MagpieTTS-LF: Inference-Time Long-Form Speech Generation Without Training on Long-Form data
Pith reviewed 2026-06-26 22:26 UTC · model grok-4.3
The pith
MagpieTTS-LF produces coherent long-form speech from short-trained models by adding three inference-time changes.
A machine-rendered reading of the paper's core claim, the machinery that carries it, and where it could break.
Core claim
MagpieTTS-LF shows that soft attention priors can steer monotonic alignment while retaining past and future context, a stateful inference algorithm can carry continuity across chunks, and history-aware text encoding can supply discourse-level information for prosody, together enabling coherent long-form output from a model never trained on long sequences.
What carries the argument
The three inference-time modifications—soft attention priors, stateful inference algorithm, and history-aware text encoding—that together preserve alignment context and prosodic information across chunks.
If this is right
- Long texts can be synthesized coherently without any additional training data or model updates.

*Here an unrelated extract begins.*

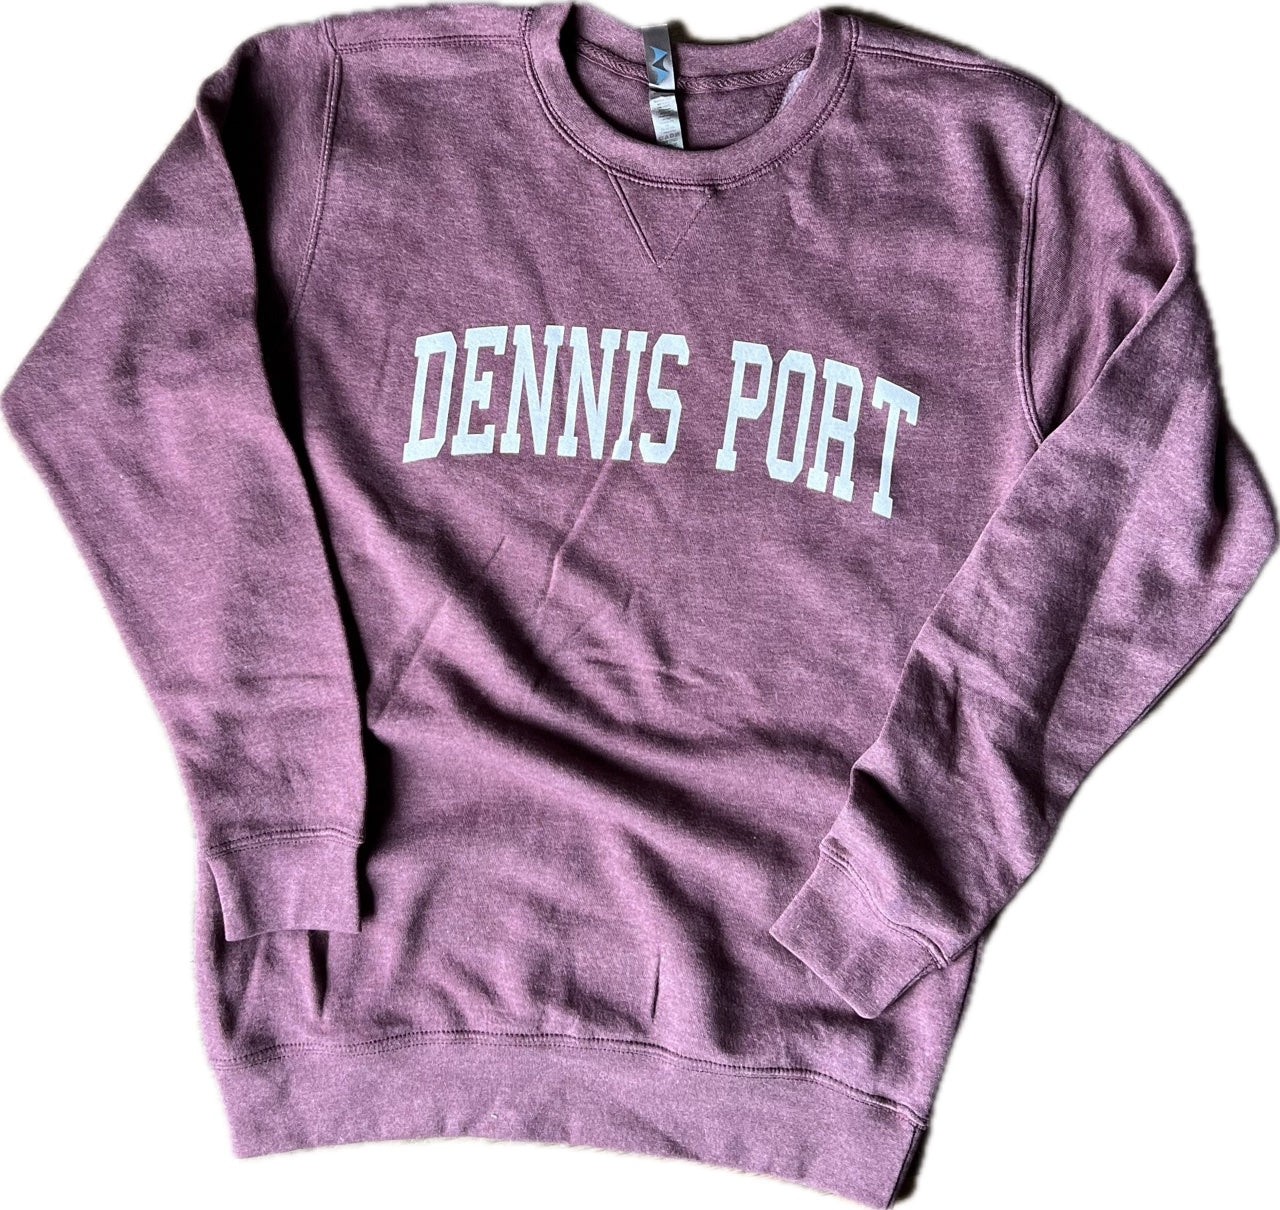 The perfect unisex Dennis Port crew neck in the color plum

- Prosodic continuity and speaker identity hold across sentence boundaries that would otherwise introduce artifacts.
- Discourse-level planning becomes possible even when the base model sees only isolated short inputs during training.
- The same base model can switch between short and long generation modes without retraining.
Where Pith is reading between the lines
- The same pattern of adding state and history at inference could reduce the need for longer context windows in other autoregressive models.
- This suggests that some apparent limits of short-trained models are actually limits of inference strategy rather than capacity.
- Deployed systems could adapt existing short models to book-length or multi-turn audio without new data collection.
Load-bearing premise
The three inference-time modifications are sufficient by themselves to remove prosodic drift and boundary artifacts from a model trained exclusively on short utterances.
What would settle it
Long-form outputs generated with the three modifications show no improvement or worse scores than naive chunk concatenation on objective measures of long-range intelligibility and prosodic coherence.
Figures
read the original abstract
Neural Text-to-Speech (TTS) systems achieve remarkable quality on short utterances but long-form speech generation shows prosodic drift, speaker inconsistencies and sentence boundary artifacts. Existing approaches either compress sequences, increase context length or naively concatenate independently synthesized chunks. We present an inference-time approach called MagpieTTS-LF that enables MagpieTTS to produce coherent long-form speech without model retraining. Our method introduces three key innovations: (1) soft attention priors to guide monotonic alignment while preserving past and future context; (2) a stateful inference algorithm that maintains context across sentence chunks, ensuring prosodic continuity; (3) history-aware text encoding that uses past text for discourse-level prosodic planning. Experiments on long texts show significant improvements in long-range intelligibility, prosodic coherence, speaker consistency, and boundary naturalness compared to other baselines.
Editorial analysis
A structured set of objections, weighed in public.
Referee Report
Summary. The paper claims that MagpieTTS-LF enables coherent long-form speech generation from a model trained only on short utterances via three inference-time innovations: soft attention priors to guide monotonic alignment, a stateful inference algorithm to maintain context across chunks, and history-aware text encoding for discourse-level prosody. It asserts that experiments on long texts demonstrate significant gains in long-range intelligibility, prosodic coherence, speaker consistency, and boundary naturalness relative to baselines, all without model retraining.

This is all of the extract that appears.